Further, the model building module comprises:

the characteristic engineering module is connected with the pre-training module of the model and is used for carrying out characteristic processing on the original data set and carrying out characteristic selection, compression and extraction on the original data in the original data set according to the characteristic importance;

the model selection module is connected with the characteristic engineering module and used for carrying out algorithm model selection on the original data set after characteristic processing by combining characteristic importance and building an initial model by different algorithms;

the parameter optimizing module is connected with the model selecting module and used for respectively optimizing the hyperparameters of the plurality of initial models by a genetic algorithm optimizing method to generate a plurality of initial models with the best performance:

the pipeline module is connected with the parameter optimizing module and is used for integrating a plurality of initial models with the best performance into an optimal prediction model set through a superposition combination method;

and the model evaluation module is respectively connected with the pipeline module and the test module and is used for evaluating the performance of the optimal prediction model set model in the formed pipeline module and selecting an optimal prediction model.

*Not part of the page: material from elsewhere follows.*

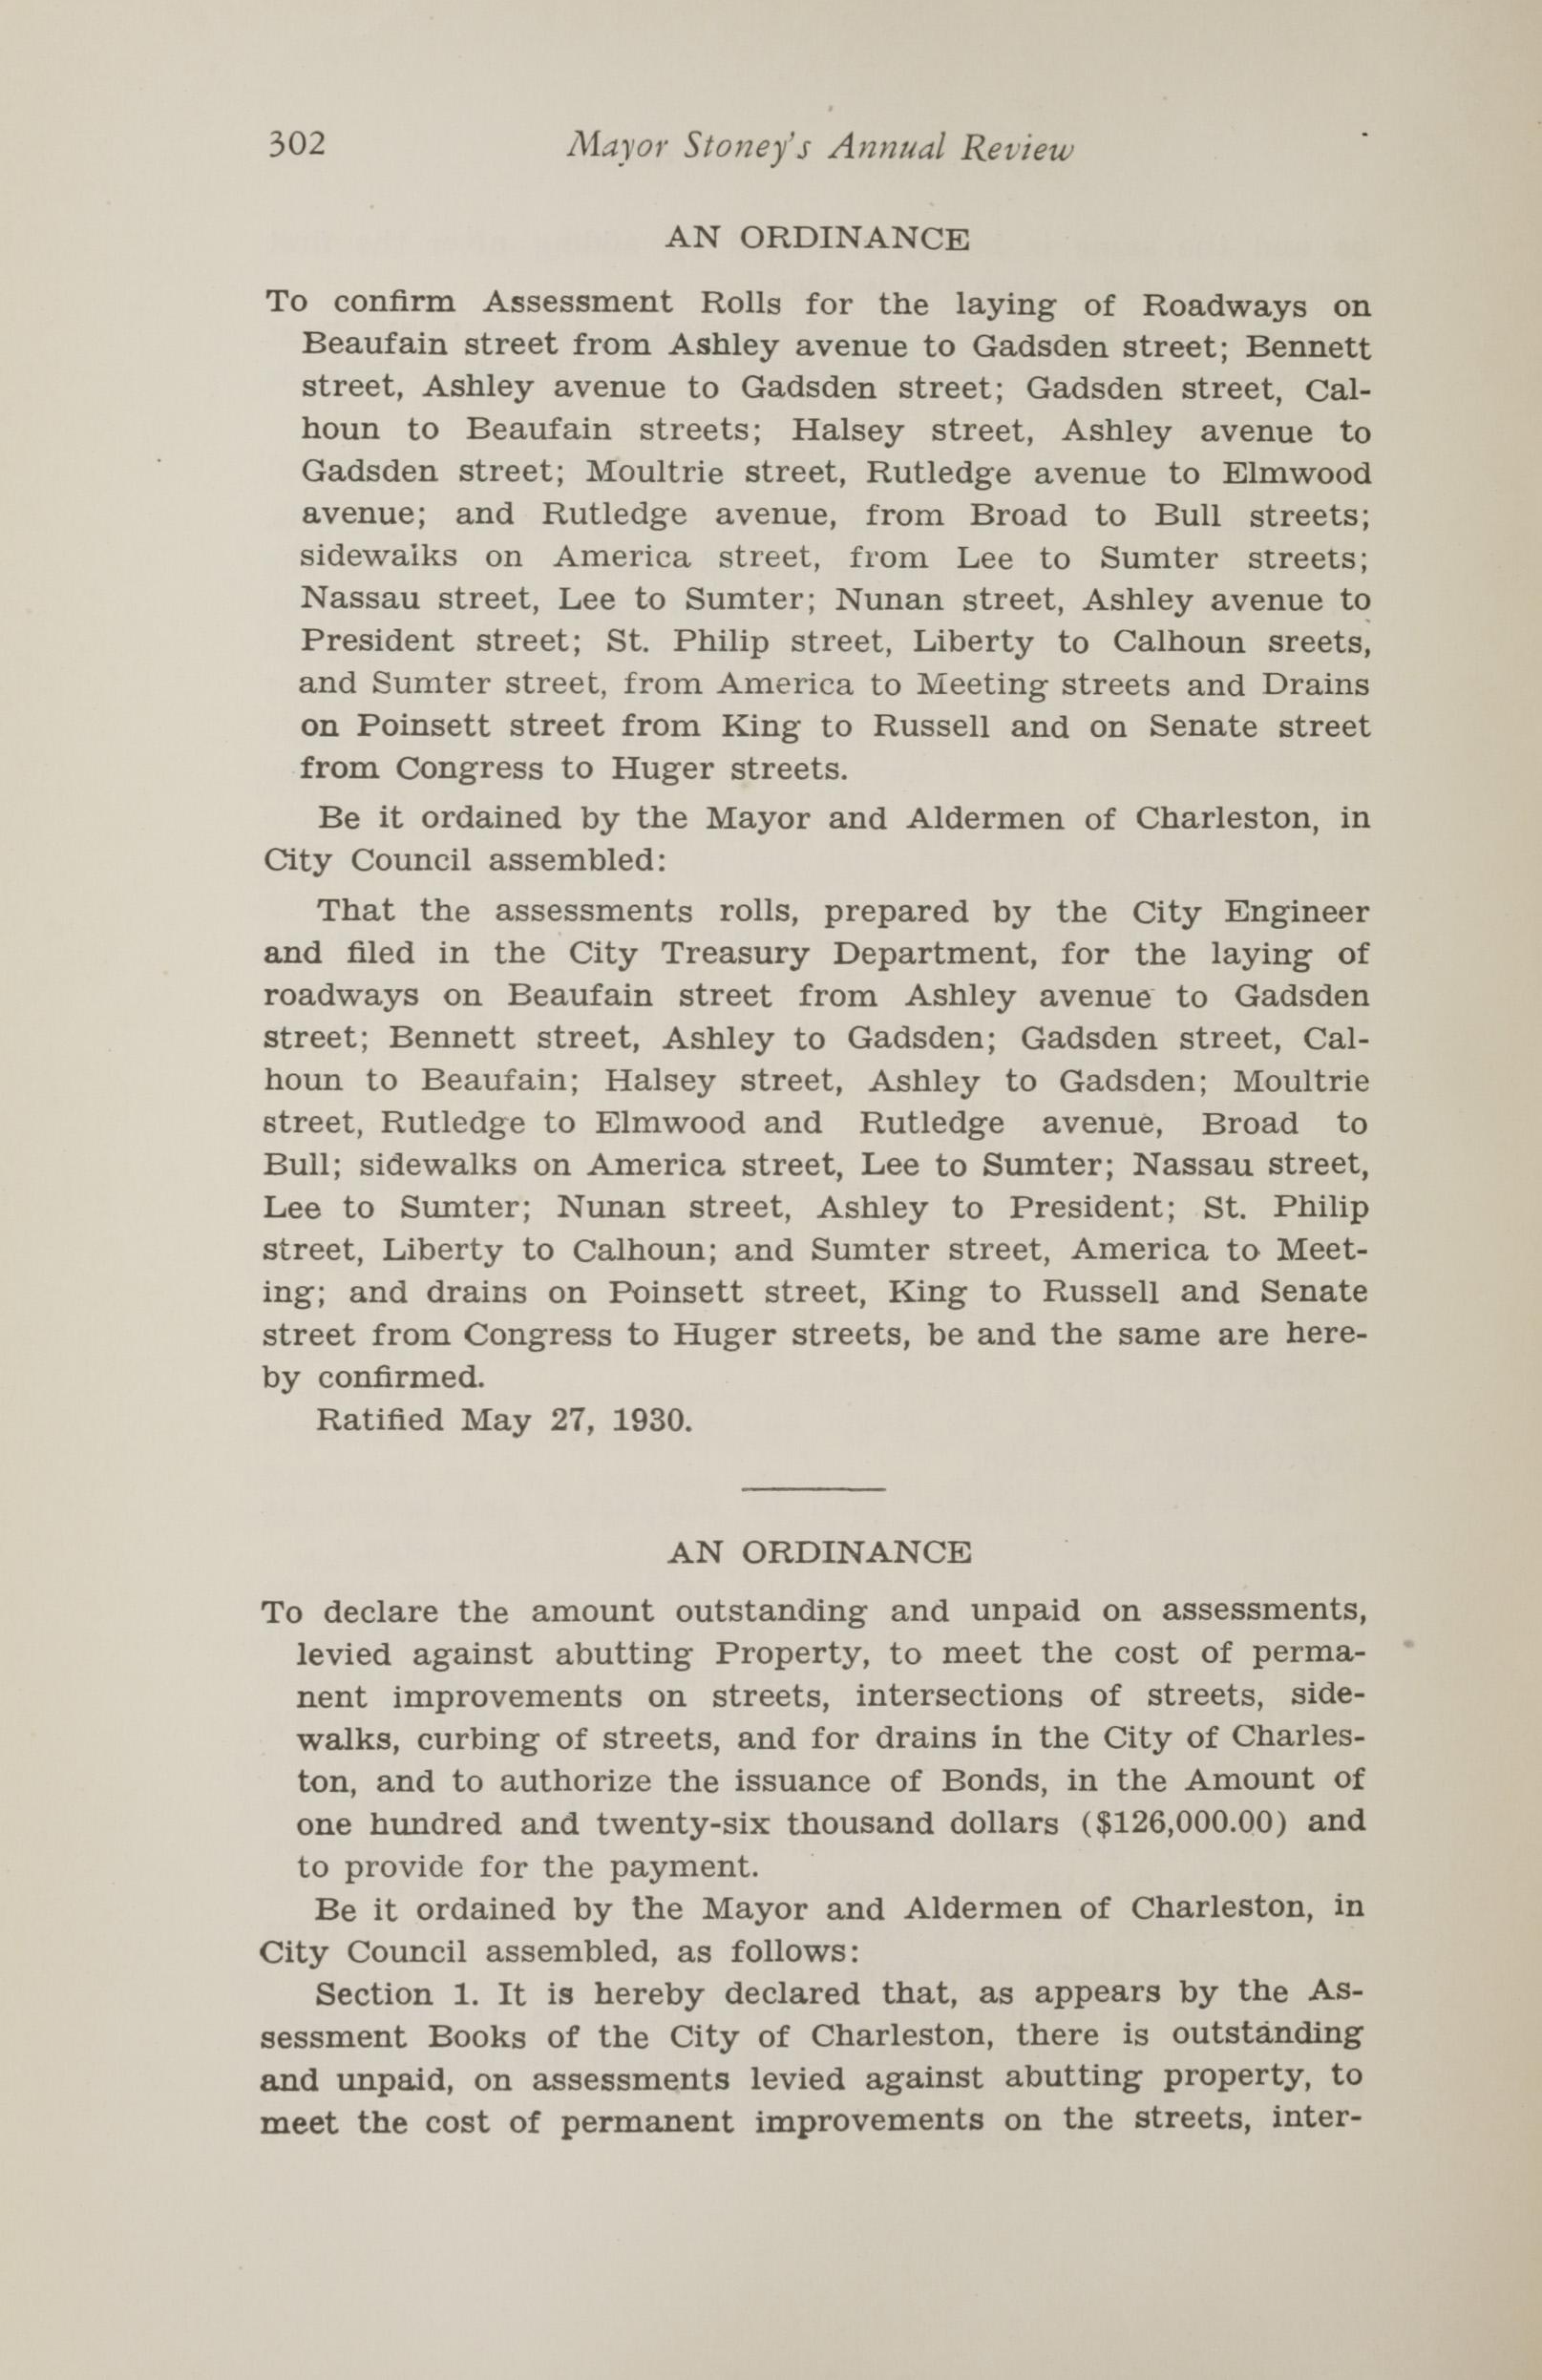 Charleston Yearbook, 1930, page 302

Compared with the prior art, the method has the advantages that the original data set is constructed by obtaining the structural characteristics of the chemical material, the original data set is preprocessed, the initial model containing the hyper-parameters is generated according to machine learning, the optimal prediction model is generated by iterative training of the initial model of the pipeline method, and the test data set is input to the optimal prediction model to predict the adsorption performance of the chemical material.

Furthermore, the original data is subjected to sampling and/or data cleaning and/or feature compression and/or feature extraction preprocessing, feature processing is carried out on the original data, different machines are selected for learning, a plurality of initial models containing the hyperparameters are generated according to the priori knowledge, the rationality of the data is guaranteed, the parameter adjusting process is further simplified, and therefore the prediction efficiency is further improved.

And further, data screening and feature processing are carried out on the data set subjected to feature processing according to feature importance, and parameter adjustment is carried out on the initial model in an iterative manner through a genetic algorithm, so that the parameter adjustment process is further simplified, and the prediction efficiency is further improved.

Further, the optimal top n% of feature information is selected by a SelectKBest method, and features which do not accord with a minimum variance threshold are removed, so that the feature selection of the data is improved, and the prediction efficiency is further improved.

Further, the feature importance is generated by retaining the features with strong correlation with the target variable and deleting the features with strong correlation between the features, so that the feature selection of the data is improved, and the prediction efficiency is further improved.

Furthermore, the hyper-parameters of the initial models are optimized through a genetic algorithm to generate the initial models with the optimal performance, and the optimal parameters are selected to generate the optimal prediction model, so that the automatic processing of the models is realized, and the prediction efficiency is further improved.

Further, the initial models with the best performance are integrated into an optimal prediction model set through superposition combination, k cross verifications are performed during model selection, the data set is divided into k training sets and k verification sets, and the algorithm is verified after training is completed to generate the optimal prediction model combination and the optimal hyper-parameter combination, so that automatic processing of the models is realized, and the prediction efficiency is further improved.

Further, by goodness of fit R²And the RMSE evaluates the optimal prediction model to verify the optimal prediction model, thereby further improving the prediction efficiency.

Furthermore, the chemical material adsorption performance prediction method based on automation and learning is arranged in the chemical material adsorption performance prediction device based on automation and learning, so that the automatic prediction of the chemical material adsorption performance is realized, and the prediction efficiency is further improved.

Drawings

FIG. 1 is a flow chart of a method for predicting the adsorption performance of a chemical material based on automatic machine learning according to the present invention;

fig. 2 is a detailed flowchart of step S103;

fig. 3 is a block diagram of the structure of the prediction device for chemical material adsorption performance based on automatic machine learning according to the present invention.

FIG. 4 is a schematic diagram of an evaluation model performance of the adsorption performance of the organic molecule to methane gas according to the present invention.

Detailed Description

In order that the objects and advantages of the invention will be more clearly understood, the invention is further described below with reference to examples; it should be understood that the specific embodiments described herein are merely illustrative of the invention and are not intended to limit the invention.

Preferred embodiments of the present invention are described below with reference to the accompanying drawings. It should be understood by those skilled in the art that these embodiments are only for explaining the technical principle of the present invention, and do not limit the scope of the present invention.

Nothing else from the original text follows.